For a full ten seconds, he simply stared, his brain refusing to process the number. Twenty-five million won. His mind flashed back to the terrified man he was just two days ago, staring at a balance of 268,500 ₩ like a death sentence. A disbelieving laugh, half-choked and hysterical, burst out of him. He was a millionaire. A won-millionaire, but the principle was the same. The sheer, absurd velocity of it made him lightheaded.

Payout Tab

His hand trembled slightly as he clicked to transfer the full amount. This wasn't just money; it was validation. It was fuel.

BRRRRRR

[Shinhan Bank: Your Balance is 20,880,026 ₩]

The monumental shock of his new wealth finally gave way to his programmer's brain, which immediately began running projections. At this rate, it will only take a month to reach the 50 million won capital. The path to his own company was no longer a distant dream, but a tangible, rapidly approaching deadline.

Yet, that same logical mind, now satisfied by the grand calculation, immediately latched onto a smaller, infuriating one. He stared at the bank balance, his euphoria momentarily punctured by a petty, obsessive-compulsive itch.

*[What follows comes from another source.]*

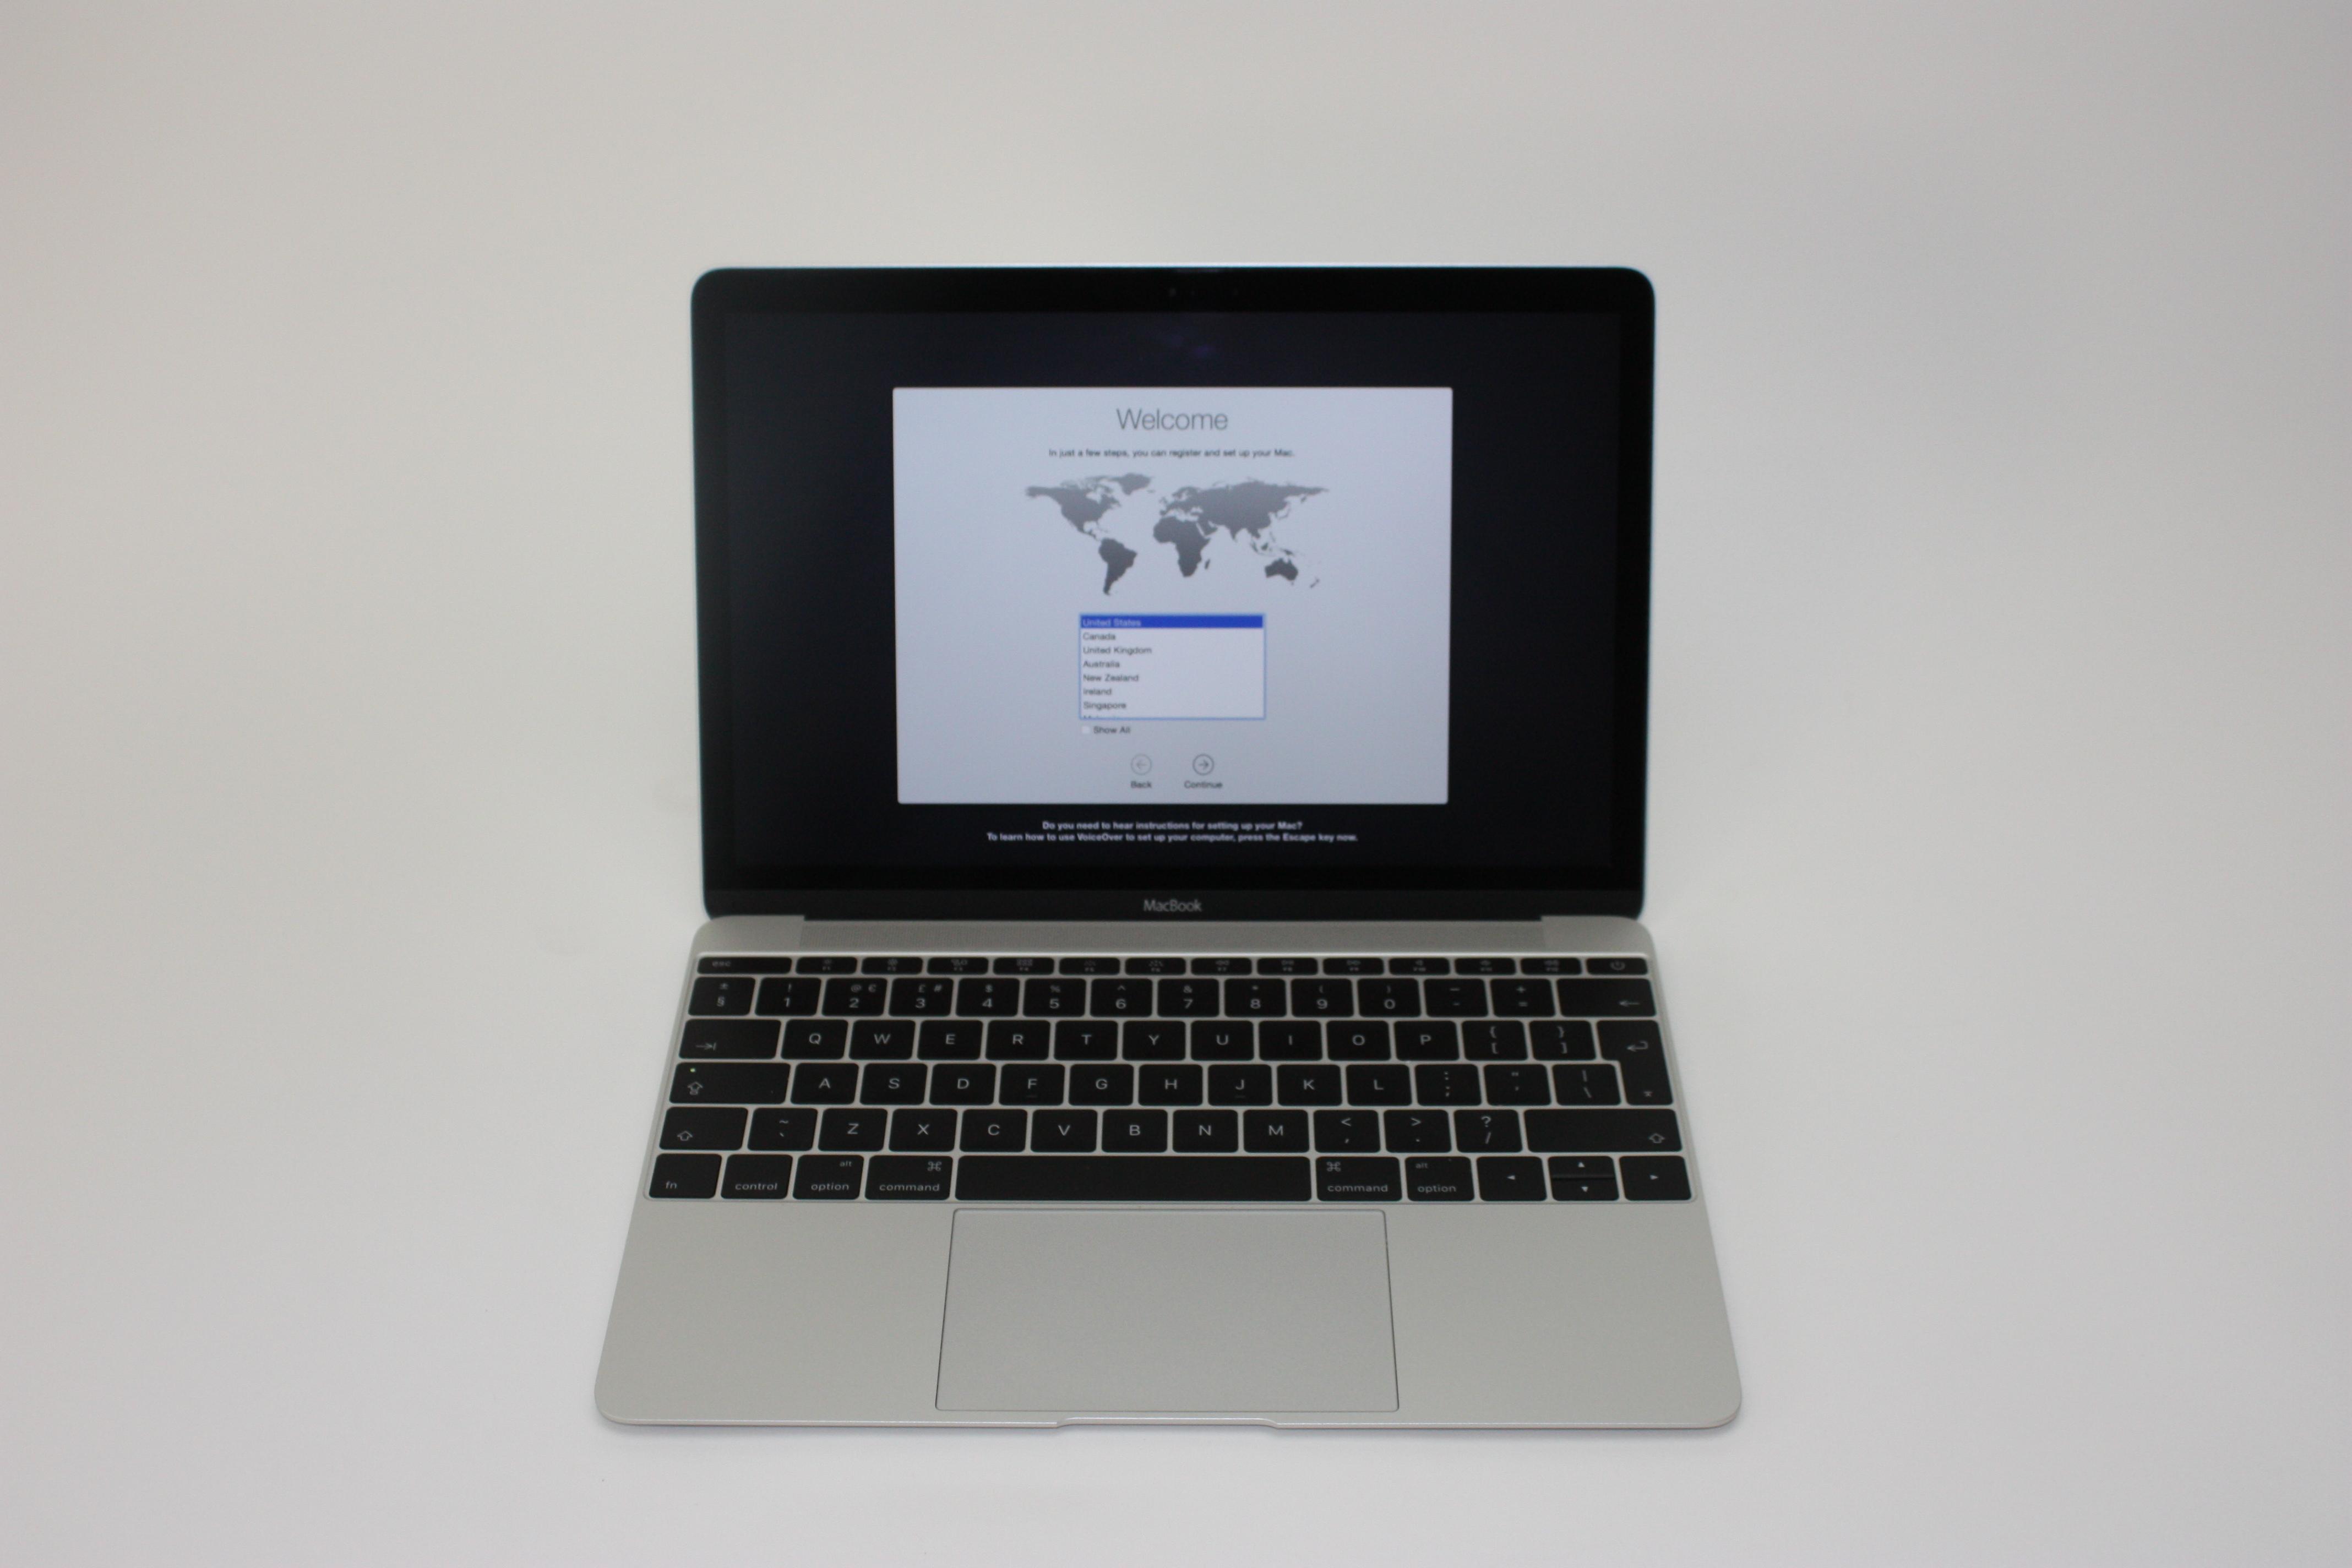 MacBook 12-inch Retina, 1.2 GHz Intel Core M, 8 GB 1600 MHz DDR3, 500 GB Flash Storage, image 1

Ah. I hate that. In his mind, it should be a clean 20,880,000 won. That double-digit, 26 won was an affront to numerical elegance, just like the laptop's 5,599,999 ₩ price tag had been. For a mind that craved the clean logic of code, the financial world's messy remainders were a constant, low-grade annoyance.

Footnotes:

^1 OpenAI: AI research lab behind the GPT series, now focused on advanced "reasoning" models like O1 and O3. Access is typically through paid APIs or subscriptions, positioning it at the high-cost, high-performance end of the AI market.

^2 Qwen: Alibaba Cloud's large language model, with several open-source versions that can run locally. This enables greater privacy and independence from cloud services while offering strong AI capabilities.

^3 DeepSeek: AI company noted for freely releasing powerful LLMs that run locally, and for offering a free flagship web chat model. Its open approach makes it a popular alternative to subscription-based services.

^4 Goshiwon: Minimalist single-room housing in South Korea, originally for exam students. Rooms are tiny (just enough for a bed and desk) with shared kitchens and bathrooms, representing the cheapest form of private lodging.